Gray gave me a long, sober look. “Oh. My. Gosh. I love that so much. Love. It. Where did you hear that?”
“Grad school,” I said.
“Here you go,” Ike said behind me. “Tara, you want to ring this up?”
“Glad to,” I said.
“Listen,” Gray said, “I’m leaving you a good tip. This is the first decent conversation I’ve ha
d since I came back here.” She tapped the counter with her wallet. “I like you.”
I wanted to hug her.
Christmas was another montage, a series of scenes I acted my way through with a less than stellar performance while Elvis sang “Blue Christmas.” Our traditional Christmas Eve shrimp and crusty bread supper in front of the fireplace. Our family walk to the church on Johnson Square—one of Georgia’s white-pillared mother churches that had tried to die in the 1970s and had been resurrected by a young Paul Grissom a little over thirty years ago. The candlelight service blossoming with carols and poinsettias and scripture I could have recited right along with Daddy as he stood at the lectern and read the nativity story in his sonorous baritone. The return home to open one gift before we toppled into bed. The Christmas morning of torn paper and tearful thank-yous and a warm loaf of Mama’s banana bread.
We reenacted those scenes every year, yet this time each one was missing a piece and demanded a retake.
Kellen remained peevish over the Christmas Eve supper. When one out of four people around a coffee table isn’t talking, the conversation of the remaining three tends to be fairly stilted. I ate two shrimp.
En route to the church, when we usually followed Mama and Daddy and reminisced about Christmases past, Kellen did speak to me. He said, “I don’t blame you for Seth trying to take himself out. But you could’ve helped him. I told you he needed you to help him.” I stared at him in the light of the tree in the square just to make sure it was still my brother I was walking with.

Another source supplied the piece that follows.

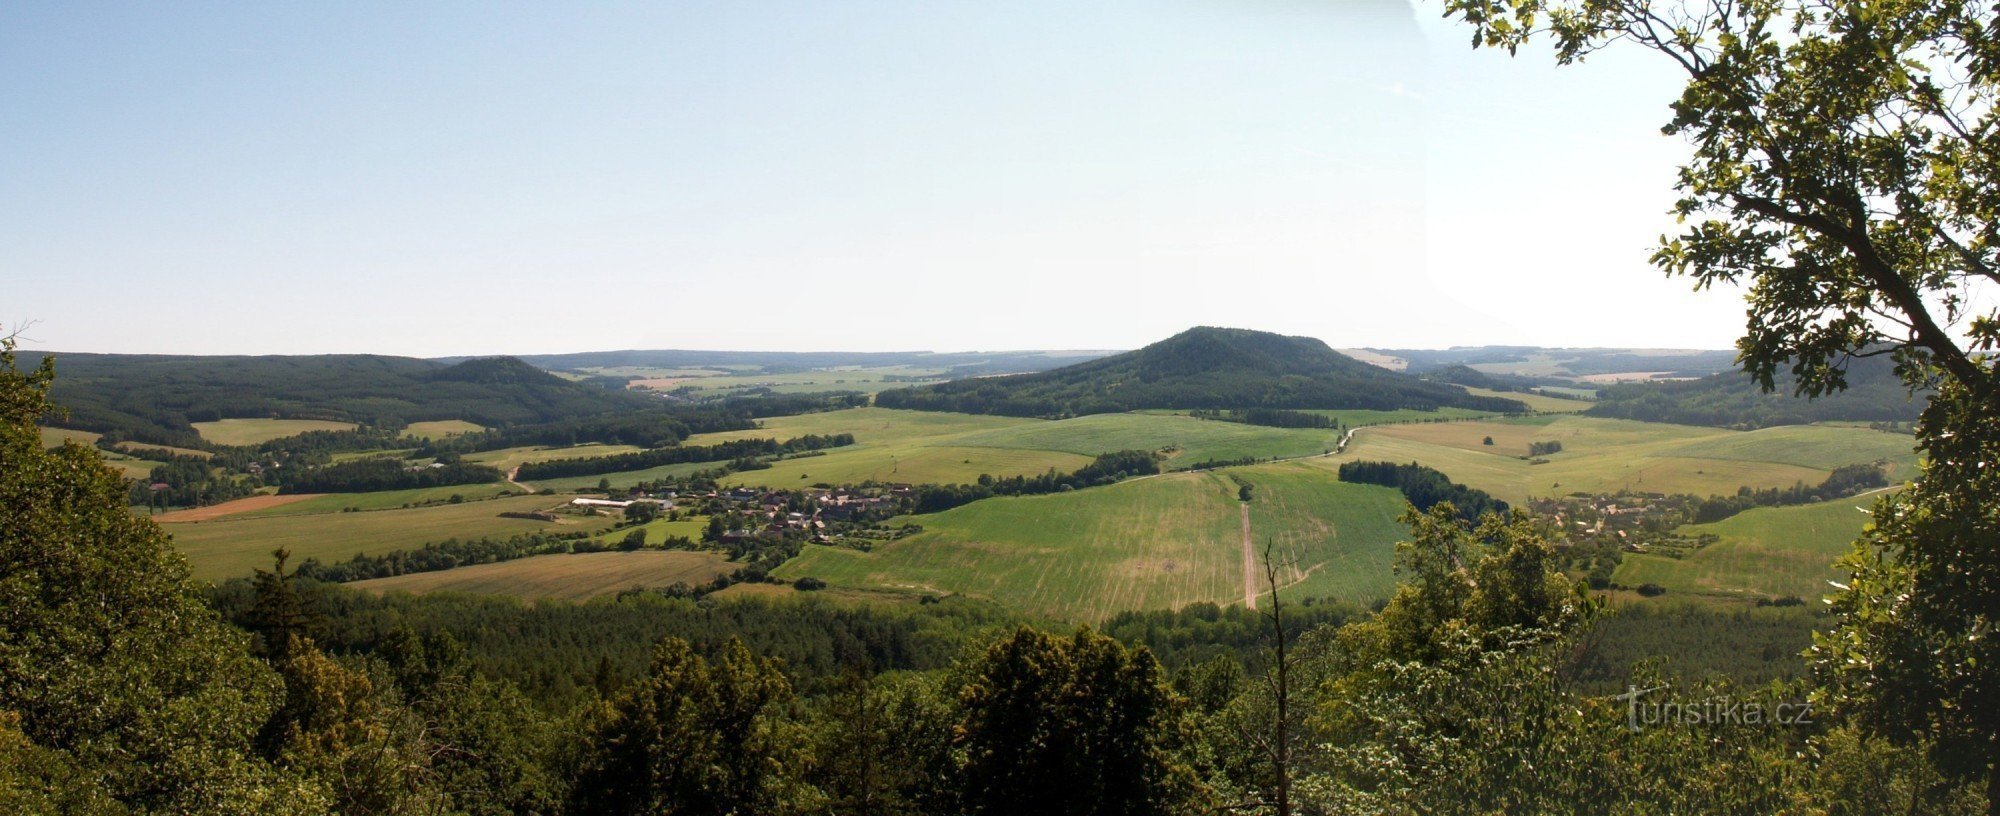 Pogled na krajolik regije Manětín s vidikovca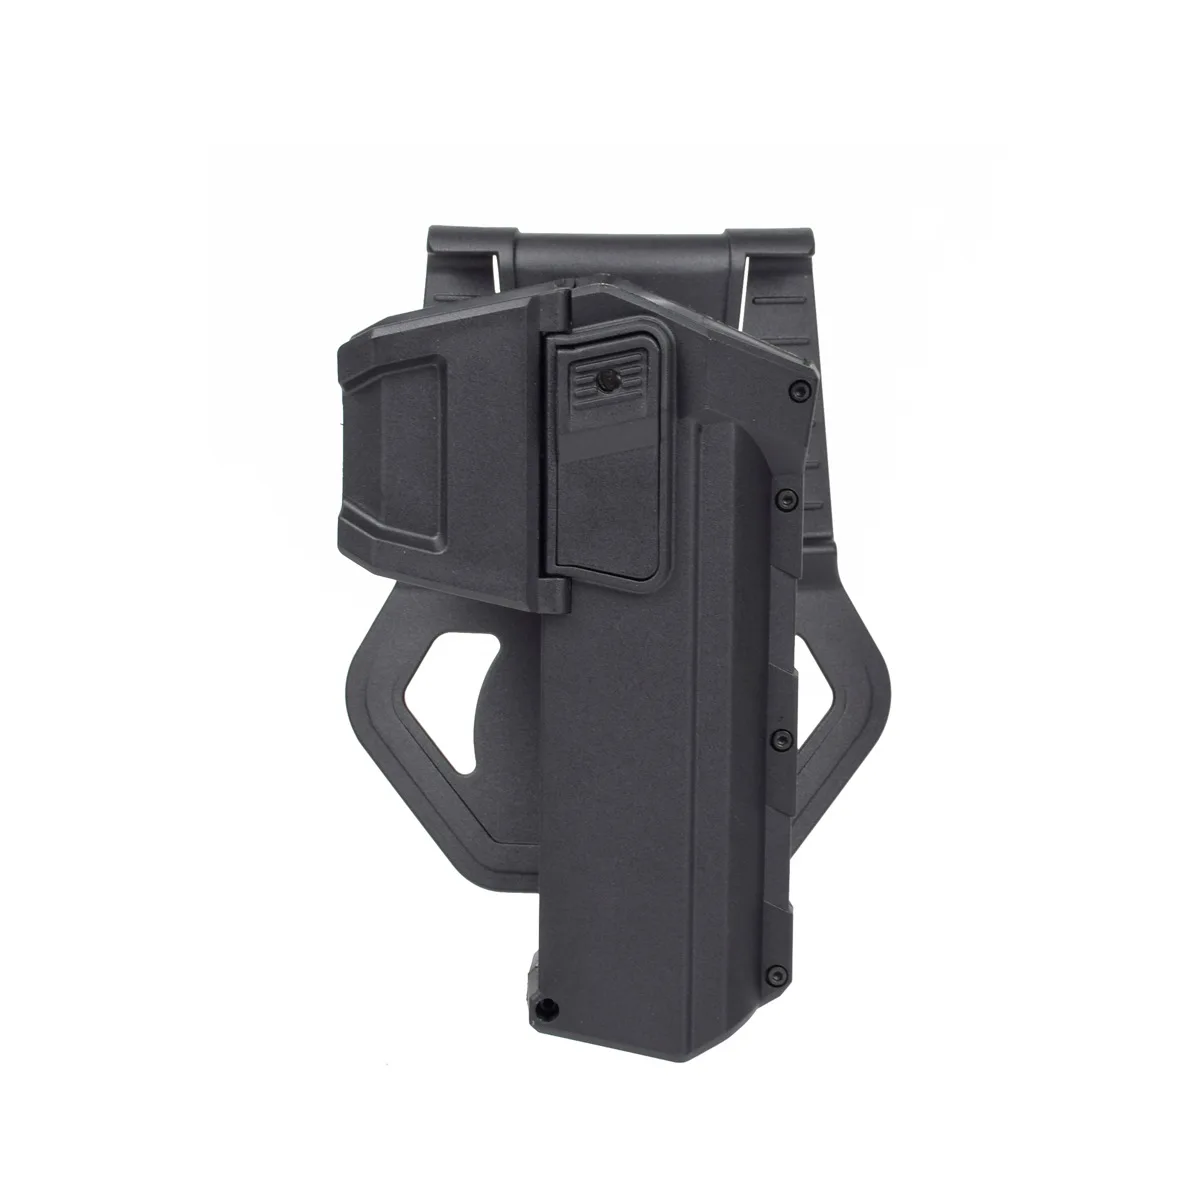 

Тактическая кобура Glock G17/18 для тренировок и охоты

I didn’t respond.
None of the Grissoms were in church except, of course, Paul. Seth was supposed to get out of the hospital Tuesday. This was Wednesday. Randi must be afraid to leave him alone. Seth had never missed a Christmas Eve service, even the year he had strep throat and couldn’t croak out “Silent Night.”
Back home, sitting at the foot of the family room Christmas tree—one of three in the house—the gift I opened was from Mama. It was a white flannel nightgown. Perfect for a winter honeymoon in Ireland.
I didn’t crawl happily into bed and squeeze my eyes shut so I could fall asleep and make morning come fast. This was supposed to be my first Christmas married to Seth. I should be spooned against him under the snowy comforter and turning to him to make love. I didn’t want to close my eyes. I knew I would only see flashes of things that weren’t lovemaking at all.